Team captained by Huang Fuqiang, chief researcher at the Shanghai Institute of Ceramics of Chinese Academy of Sciences, assembles the composite material at the Shanghai Institute of Ceramics of Chinese Academy of Sciences in east China's Shanghai, April 24, 2018. A new composite material developed by a group of Chinese researchers has proved highly effective in cleaning water contaminated by organics. (Xinhua/Ding Ting)

A new composite material developed by a group of Chinese researchers has proved highly effective in cleaning water contaminated by organics.

During the past month, the composite material, a mixture of black titania and three-dimensional (3D) tubular graphene, was used to clean a 40,000-square-meter area of water in east China's Shanghai, Anhui, and Jiangsu as part of a pilot scheme.

Excessive organics, such as ammonia and nitrogen, can consume a large amount of oxygen in the water and generate stinky substances that kill aquatic life. Without human intervention, sunlight can naturally degrade organics to water and carbon dioxide, but the process requires months to years, depending on different degrees of pollution.

Results of the trial showed that the material, which accelerates the process, can significantly improve water quality within two weeks, said Huang Fuqiang, chief researcher at the Shanghai Institute of Ceramics of Chinese Academy of Sciences.

Black titania serves as an efficient visible-light catalyst, while the 3D graphene can "catch" organics, Huang said.

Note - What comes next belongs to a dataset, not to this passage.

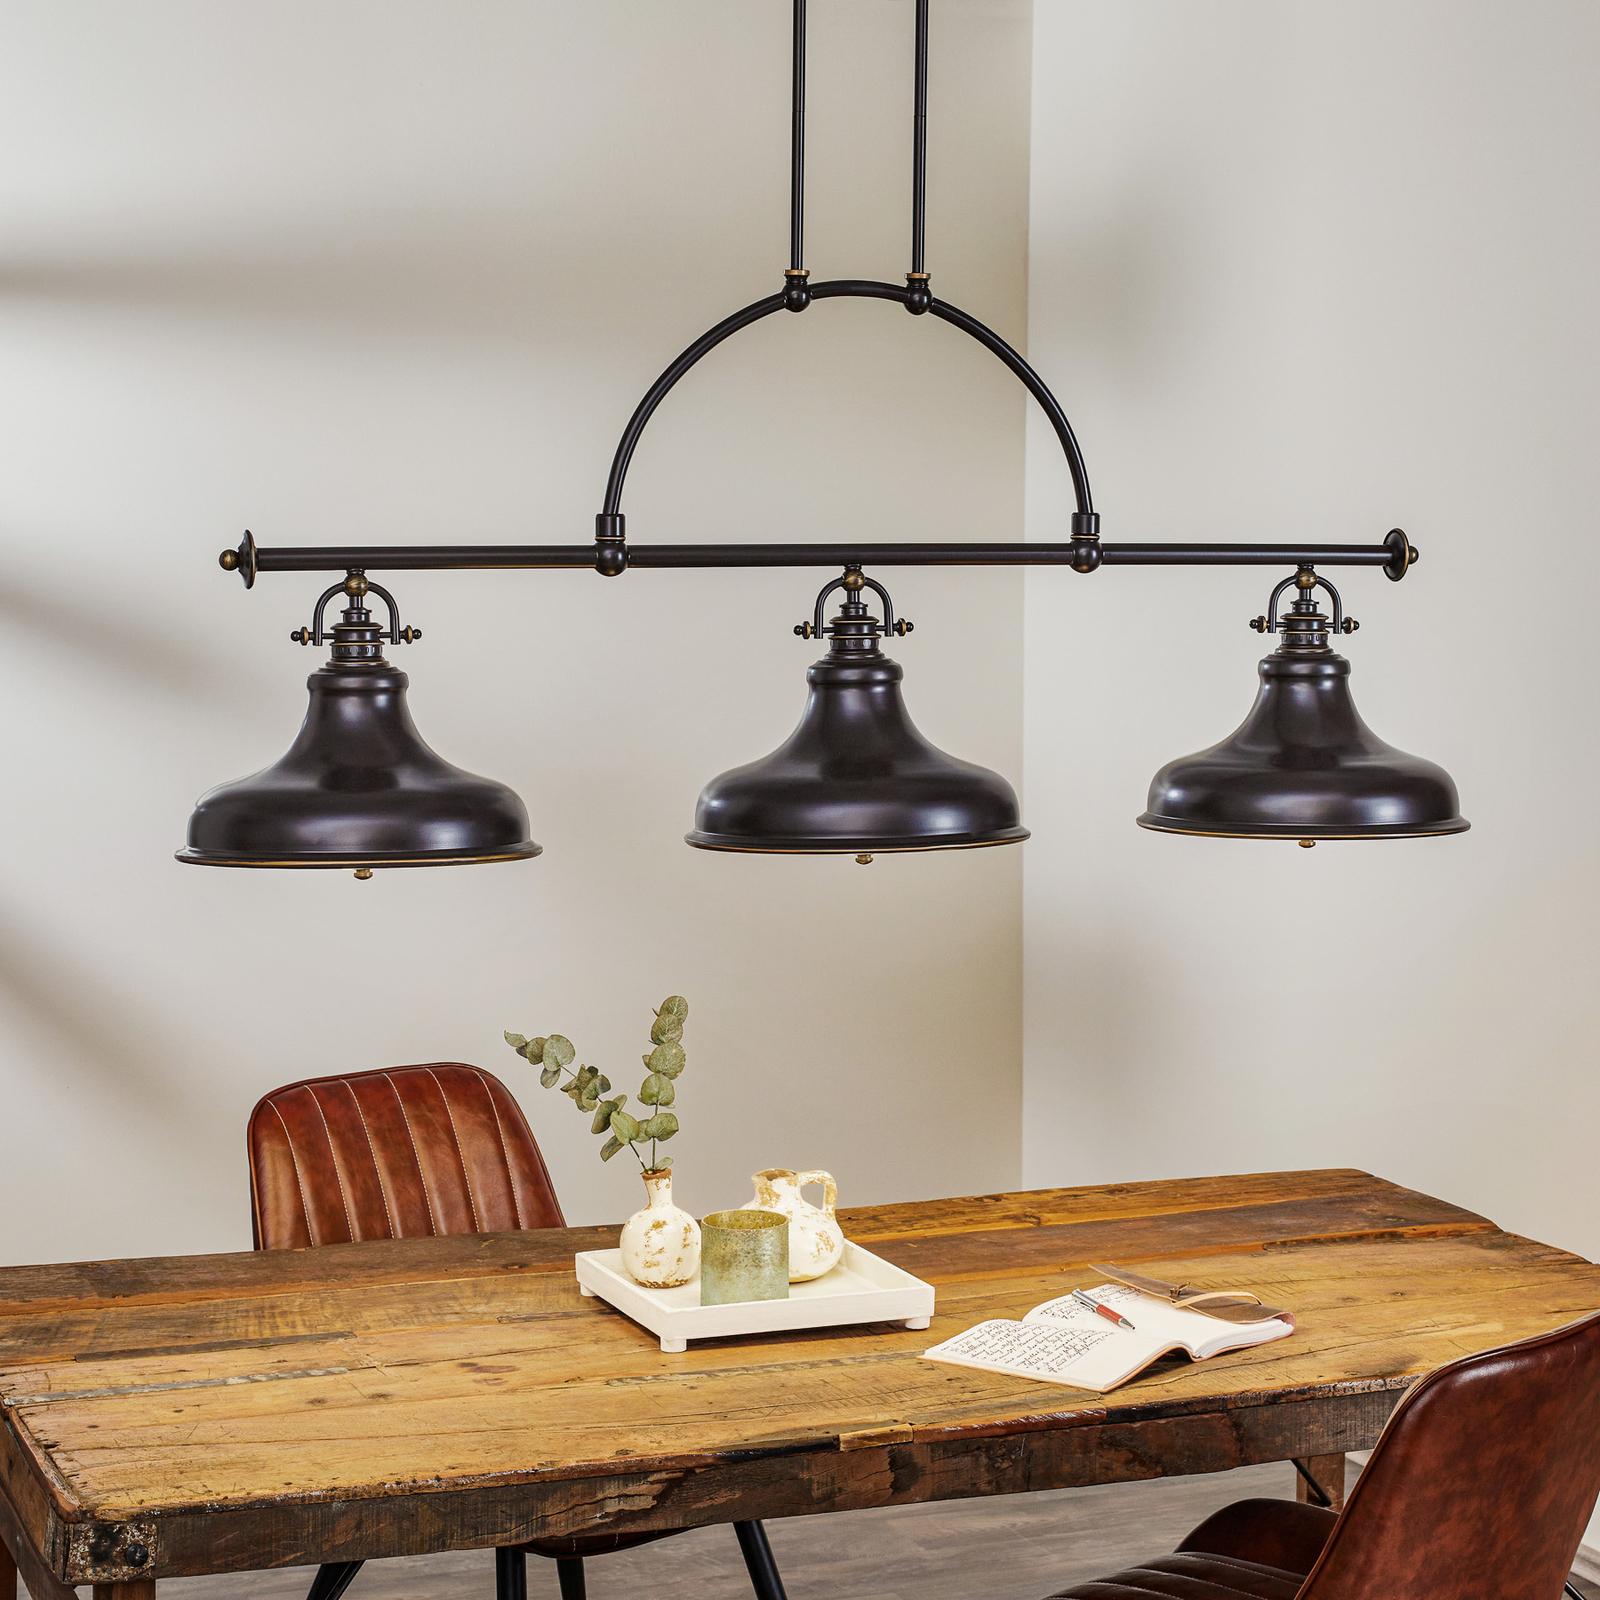 Emery sospensione stile industriale bronzo 3 luci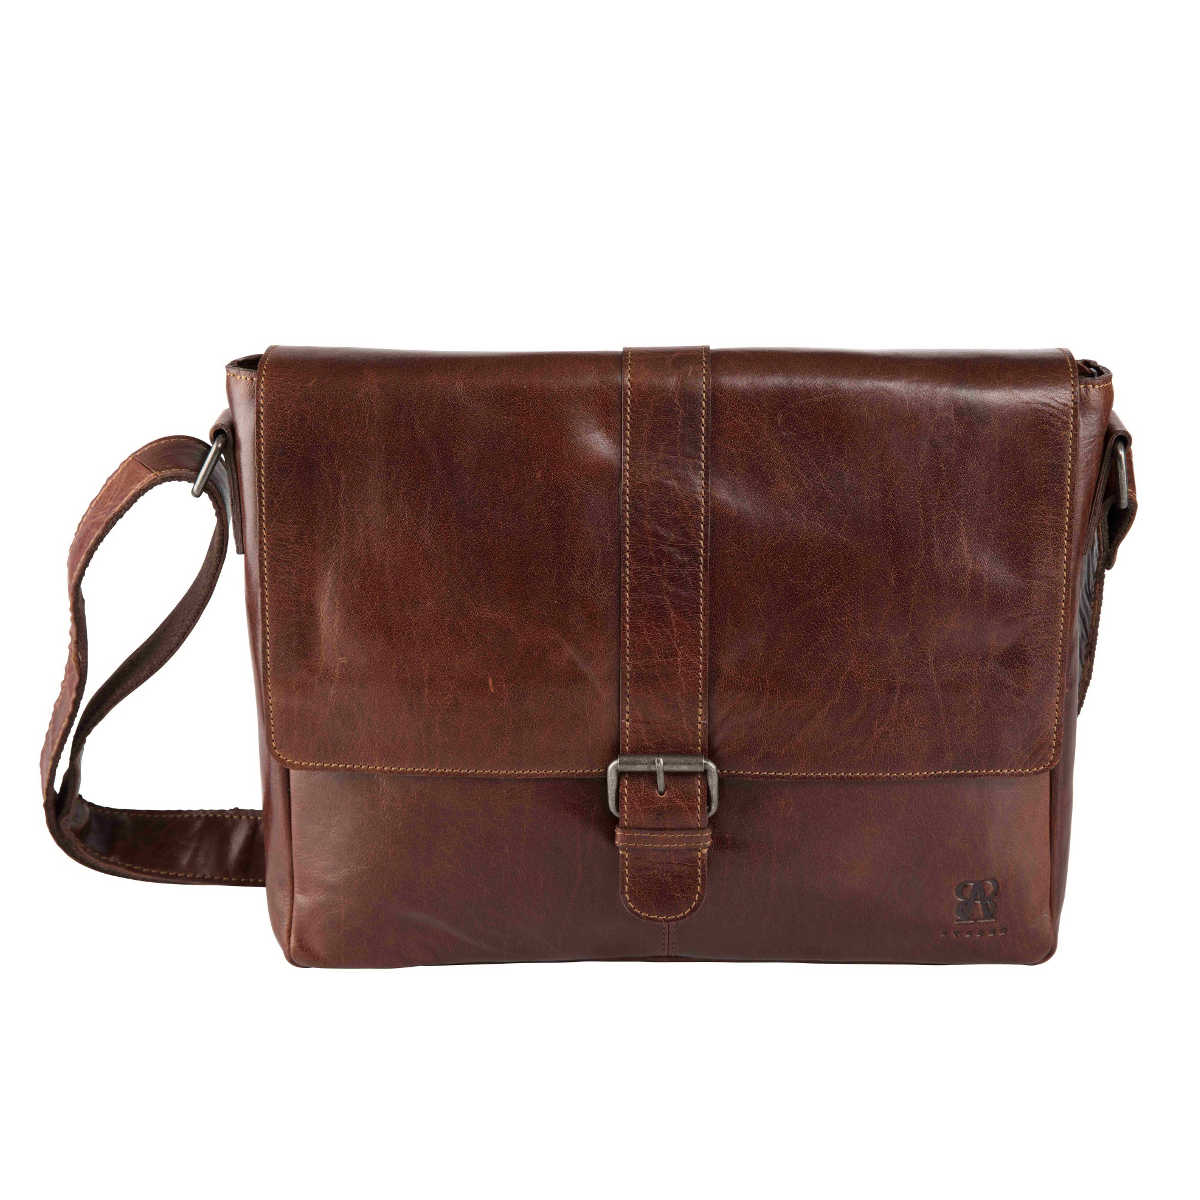 läder messenger väska

The material was used in two parks in Shanghai, where lakes suffered excessive organics caused by the accumulation of fallen leaves. Residents often complained about dead fish floating on the lakes.

Monitoring data showed indexes such as chemical oxygen demand, ammonia and nitrogen levels, and phosphorus levels improved seven days after use.

Excessive organics can also be caused by discharge of wastewater generated by families and agricultural and industrial production.